## Action item
Quote, word for word, only the lines running from the line with "Lex Altern Lex" through the end of the listing. Leave out the pictures.

## Dataset section
══════════════════════════════
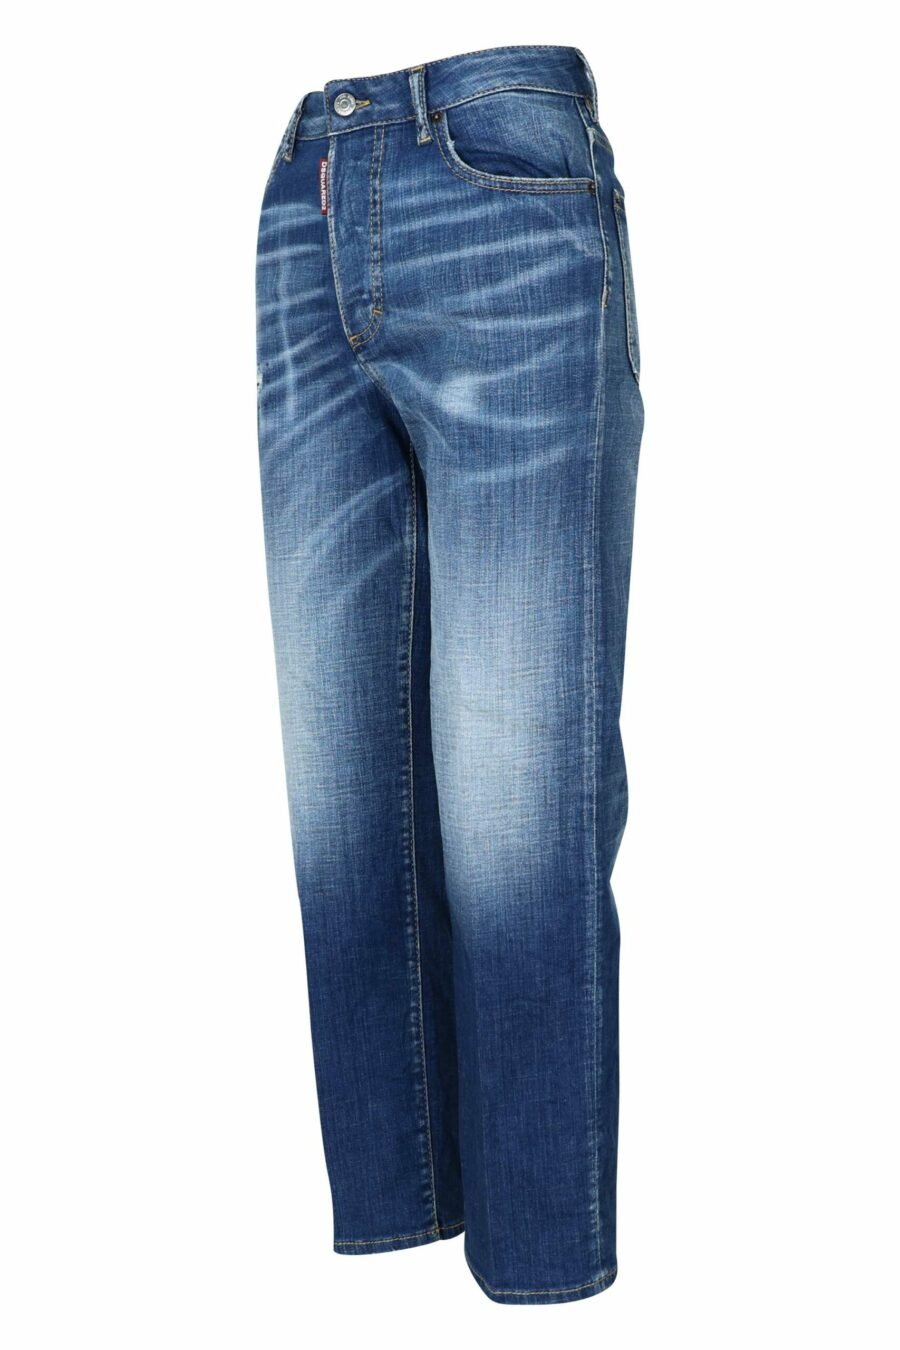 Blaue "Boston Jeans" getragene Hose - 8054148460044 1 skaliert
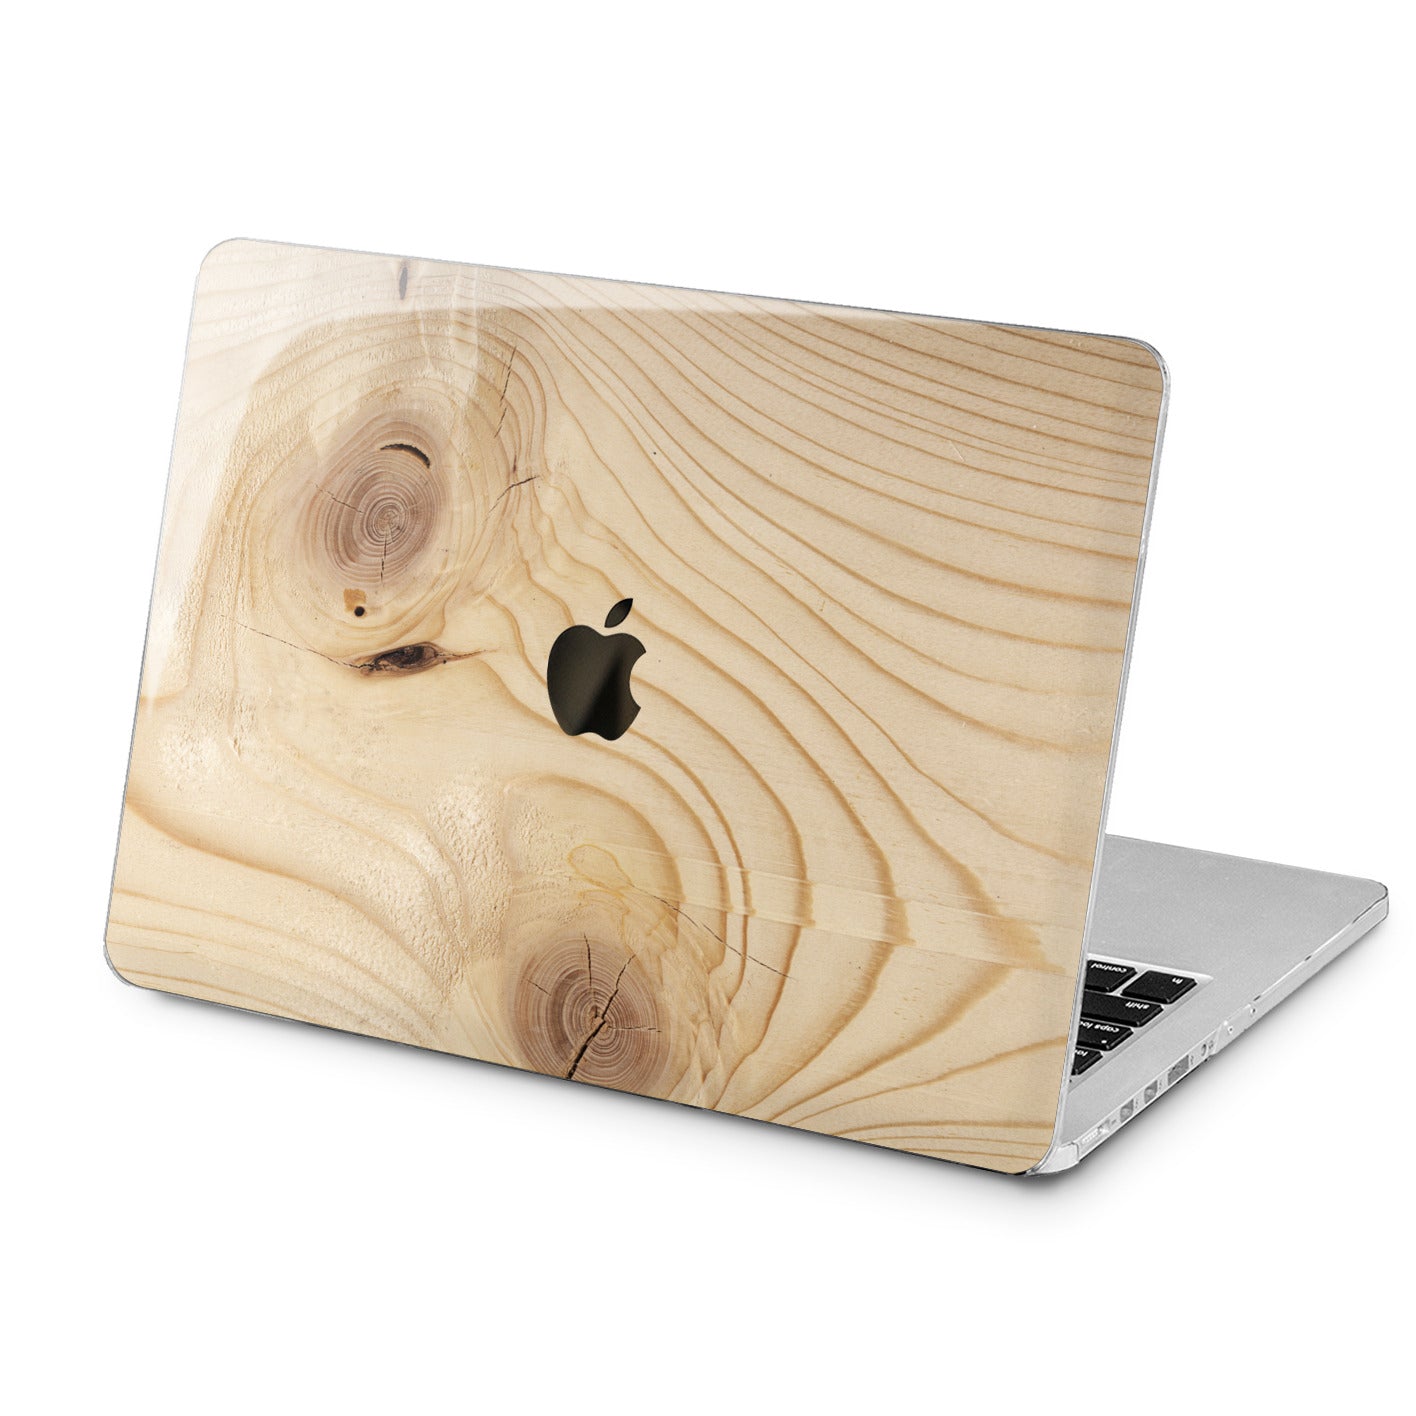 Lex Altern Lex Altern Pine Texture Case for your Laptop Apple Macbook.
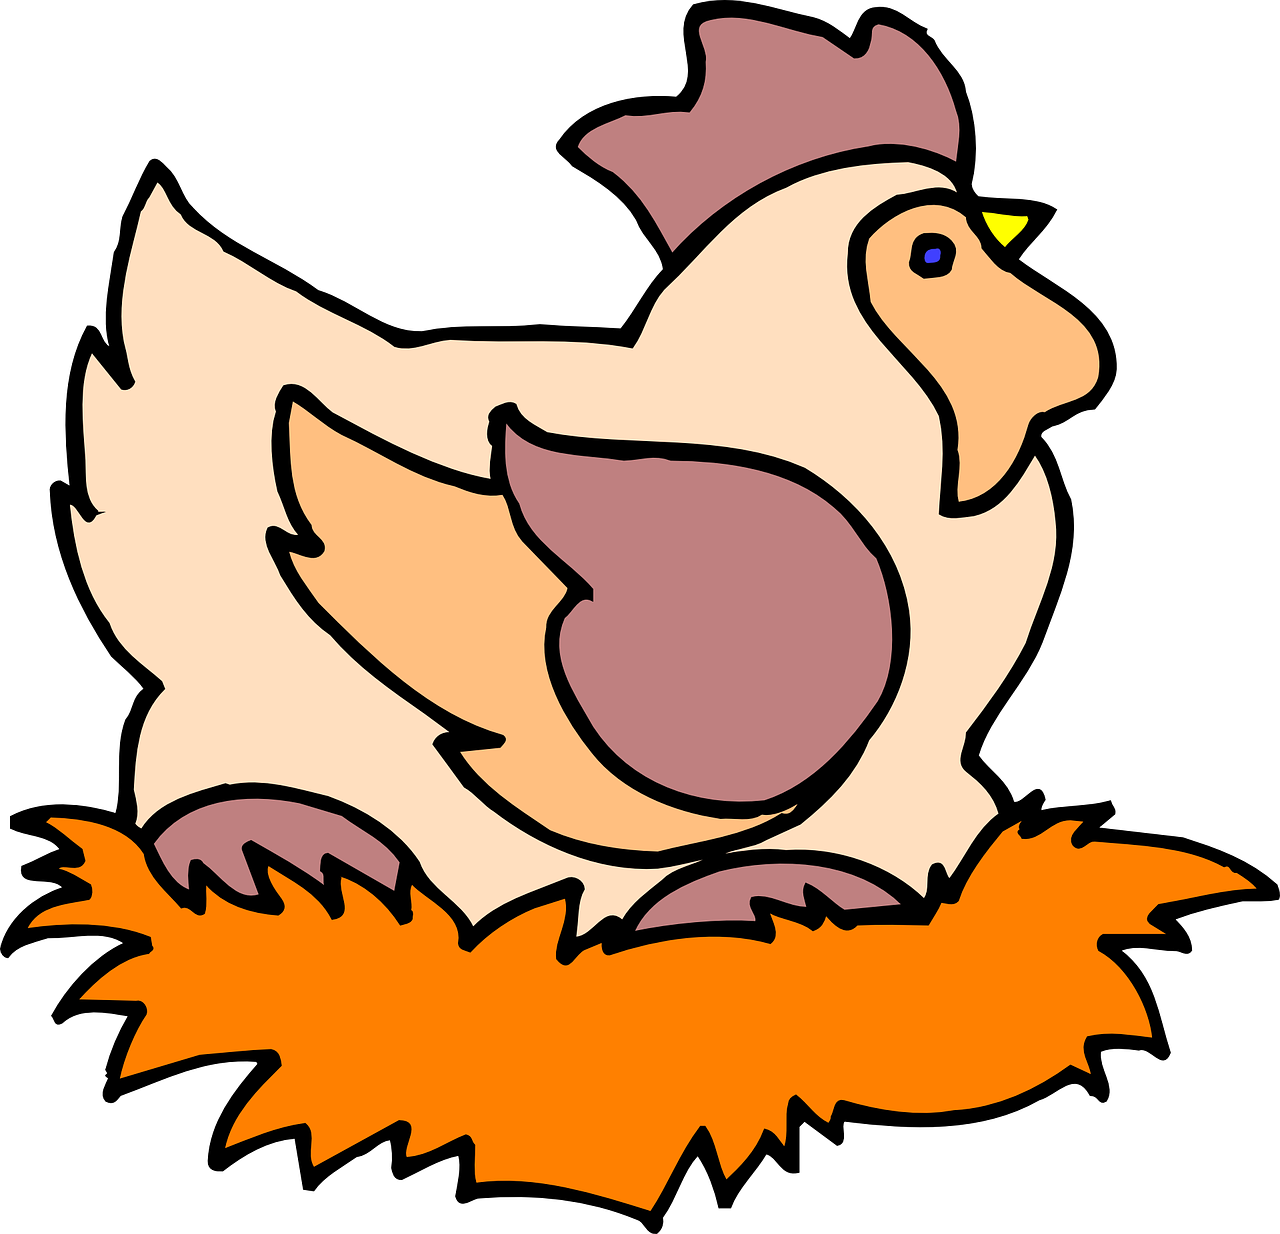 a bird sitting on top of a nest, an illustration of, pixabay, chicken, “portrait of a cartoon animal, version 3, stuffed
══════════════════════════════
## Written answer
 Lex Altern Lex Altern Pine Texture Case for your Laptop Apple Macbook.
 a bird sitting on top of a nest, an illustration of, pixabay, chicken, “portrait of a cartoon animal, version 3, stuffed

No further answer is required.